## The problem
Your task is to find every line of the listing that includes "orange" and copy it.

## Information provided
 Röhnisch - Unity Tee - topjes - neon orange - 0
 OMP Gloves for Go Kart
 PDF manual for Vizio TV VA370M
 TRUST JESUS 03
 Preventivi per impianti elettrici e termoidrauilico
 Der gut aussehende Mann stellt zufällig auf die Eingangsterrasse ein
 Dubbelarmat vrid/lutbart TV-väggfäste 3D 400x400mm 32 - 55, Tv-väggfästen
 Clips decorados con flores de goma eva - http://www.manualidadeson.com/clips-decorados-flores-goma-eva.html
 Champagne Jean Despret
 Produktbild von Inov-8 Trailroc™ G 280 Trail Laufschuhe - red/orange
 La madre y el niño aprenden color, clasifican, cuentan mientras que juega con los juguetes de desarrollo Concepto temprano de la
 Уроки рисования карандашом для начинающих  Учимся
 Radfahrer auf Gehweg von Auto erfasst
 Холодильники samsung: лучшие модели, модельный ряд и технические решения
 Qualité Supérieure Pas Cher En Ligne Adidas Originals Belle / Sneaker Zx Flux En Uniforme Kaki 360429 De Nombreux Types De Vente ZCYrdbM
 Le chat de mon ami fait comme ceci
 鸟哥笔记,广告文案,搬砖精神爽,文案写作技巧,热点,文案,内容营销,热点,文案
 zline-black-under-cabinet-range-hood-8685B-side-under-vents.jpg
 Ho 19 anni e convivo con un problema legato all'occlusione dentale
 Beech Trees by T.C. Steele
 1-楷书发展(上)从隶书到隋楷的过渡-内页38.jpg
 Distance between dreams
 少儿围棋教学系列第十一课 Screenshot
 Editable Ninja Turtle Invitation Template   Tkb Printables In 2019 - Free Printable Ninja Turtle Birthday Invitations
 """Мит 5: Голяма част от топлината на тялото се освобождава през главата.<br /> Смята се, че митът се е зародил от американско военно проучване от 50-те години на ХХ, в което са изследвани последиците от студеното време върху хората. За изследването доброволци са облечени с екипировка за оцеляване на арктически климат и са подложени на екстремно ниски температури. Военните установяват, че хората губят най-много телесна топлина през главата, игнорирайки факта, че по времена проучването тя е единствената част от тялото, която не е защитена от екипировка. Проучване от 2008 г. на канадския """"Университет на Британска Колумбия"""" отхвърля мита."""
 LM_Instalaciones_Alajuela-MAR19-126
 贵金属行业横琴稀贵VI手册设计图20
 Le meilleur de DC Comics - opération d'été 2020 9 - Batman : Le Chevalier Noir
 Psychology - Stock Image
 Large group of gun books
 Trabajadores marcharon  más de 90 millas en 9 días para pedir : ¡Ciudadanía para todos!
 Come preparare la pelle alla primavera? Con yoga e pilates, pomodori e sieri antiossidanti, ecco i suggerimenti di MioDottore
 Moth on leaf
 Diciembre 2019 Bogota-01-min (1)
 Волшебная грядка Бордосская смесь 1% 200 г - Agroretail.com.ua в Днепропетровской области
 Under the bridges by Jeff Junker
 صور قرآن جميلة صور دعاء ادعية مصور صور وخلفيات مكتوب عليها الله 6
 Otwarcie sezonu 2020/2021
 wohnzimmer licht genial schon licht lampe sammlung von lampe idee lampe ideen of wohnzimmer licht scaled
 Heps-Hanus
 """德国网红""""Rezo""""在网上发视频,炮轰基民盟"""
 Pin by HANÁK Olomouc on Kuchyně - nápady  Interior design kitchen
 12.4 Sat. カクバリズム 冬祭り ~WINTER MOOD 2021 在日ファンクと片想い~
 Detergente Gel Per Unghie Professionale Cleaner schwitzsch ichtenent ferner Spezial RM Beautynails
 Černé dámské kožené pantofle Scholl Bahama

## Response to the task
 Röhnisch - Unity Tee - topjes - neon orange - 0
 Produktbild von Inov-8 Trailroc™ G 280 Trail Laufschuhe - red/orange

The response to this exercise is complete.